As for the type of SSc, limited cutaneous SSc was the most frequent (54.2%), followed by diffuse cutaneous SSc (31.4%).

At the first visit, ILD was detected in around one-third of the participants (34.5%), which included patients with ILD only (28.3%) and those with both ILD and PH (6.1%). Pulmonary arterial hypertension (PAH) had a lower prevalence (4.5%).

Patients with diffuse SSc accounted for more than half of those with ILD, while those with PAH or no lung involvement usually had a limited form of the disease.

When lung involvement was first reported, patients with PAH and ILD-PH were significantly older than those with ILD only (53 and 52 years versus 47 years). The proportion of men was significantly higher among patients with ILD, either alone (23.6%) or together with PH (26.5%).

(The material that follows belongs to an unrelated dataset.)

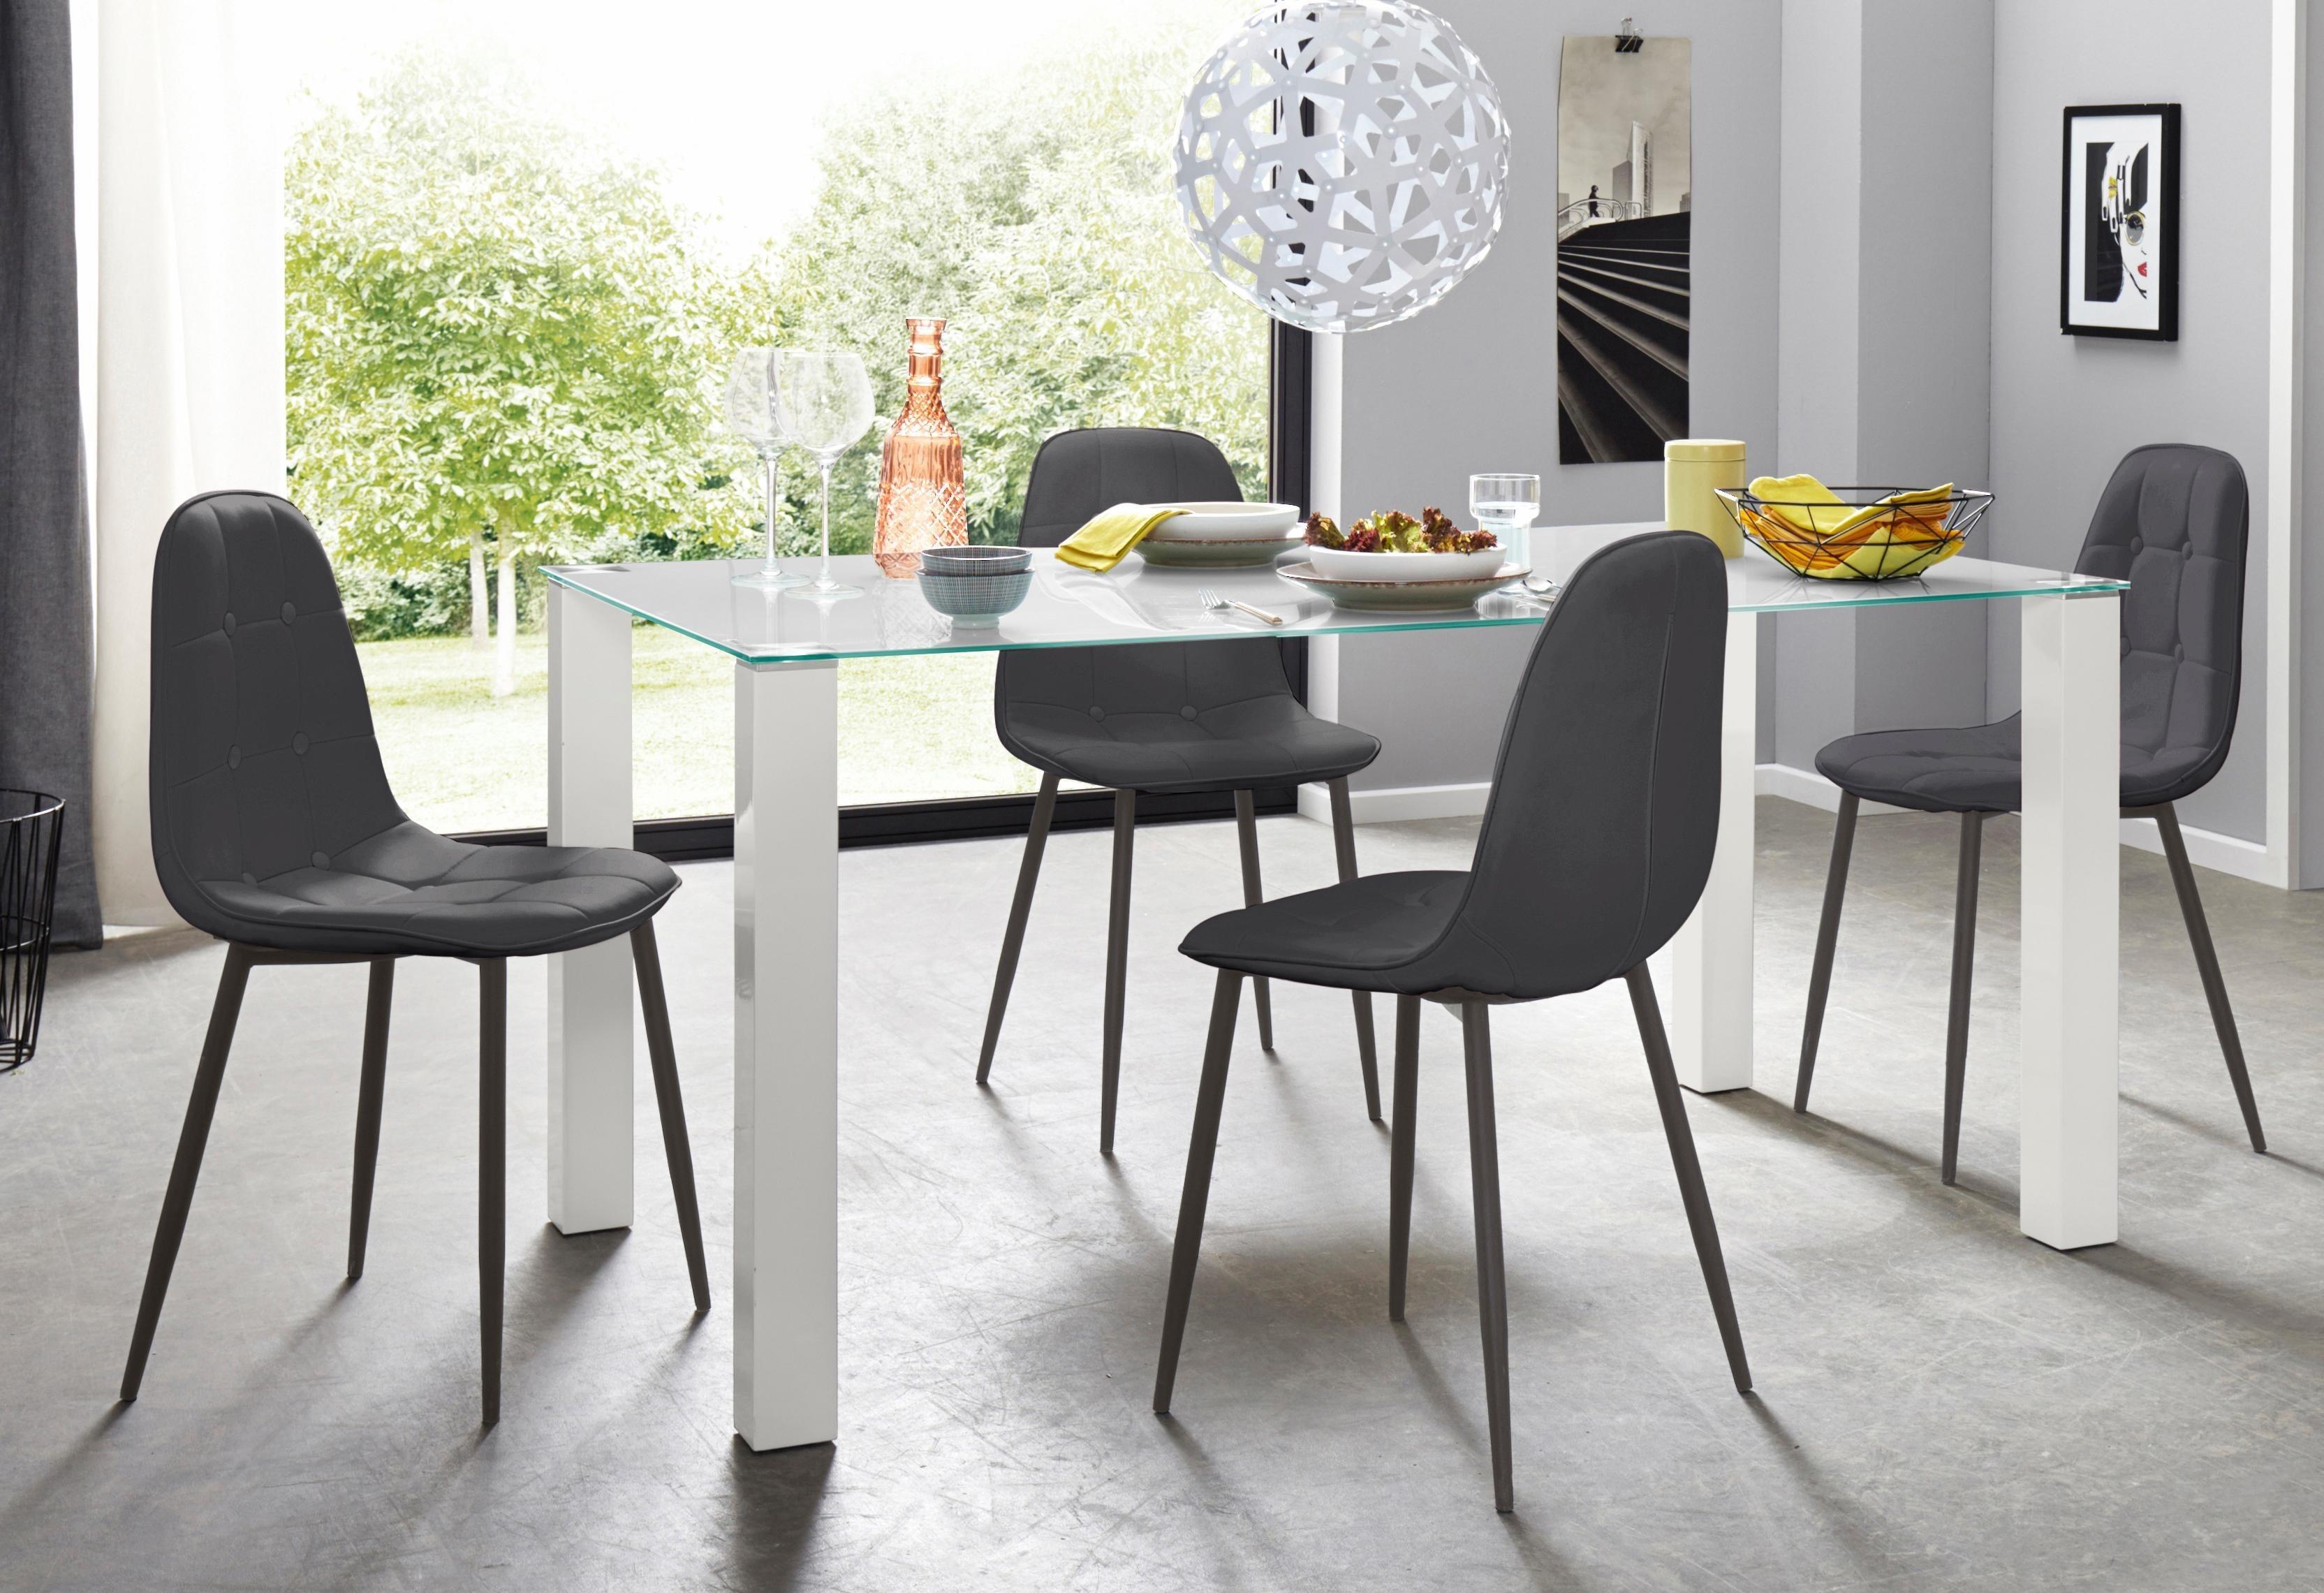 Essgruppe 5-teilig mit Glastisch 160 cm breit | Wohnzimmer > Tische > Glastische | Schwarz

Those with ILD-PH had the lowest lung function, followed by patients with ILD, participants with PAH, and patients without pulmonary involvement. This was assessed with forced vital capacity (FVC) — the maximum amount of air one can forcibly exhale after a deep breath — and diffusing capacity for carbon monoxide (DLCO), which is a measure of the lungs’ capacity to transfer oxygen from the air sacs into the blood.

Moreover, most patients with ILD were treated with glucocorticoids (58.1% of those with ILD-PH and 54% of those with ILD) or immunosuppressants (67.7% with ILD-PH and 70.9% with ILD). Lower proportions of patients with PAH or without lung involvement were treated with these medications.

During follow-up, there was an increase in the prevalence of lung involvement, up to 47.6% of the ILD patients, 15.2% with both ILD and PH, and 6.5% with PAH. Accordingly, there was a decrease in the proportion of patients without lung involvement, from 61% at study start to 45.9%.

SSc with pulmonary hypertension and ILD most detrimental

Survival at five years was 96.4% in the group without pulmonary involvement. It was lowest in participants with both ILD and PH (79.1%), followed by those with PAH (85%) and ILD only (92.8%).

The risk of death was more than five times as high for people with ILD-PH, compared to those without lung involvement. In contrast, women, participants with a higher BMI, or with higher DLCO values, had a lower mortality risk.

Overall, the study demonstrated that “ILD is the most prevalent pulmonary involvement in SSc, while the combination of ILD and PH is associated with the most detrimental survival,” the researchers concluded.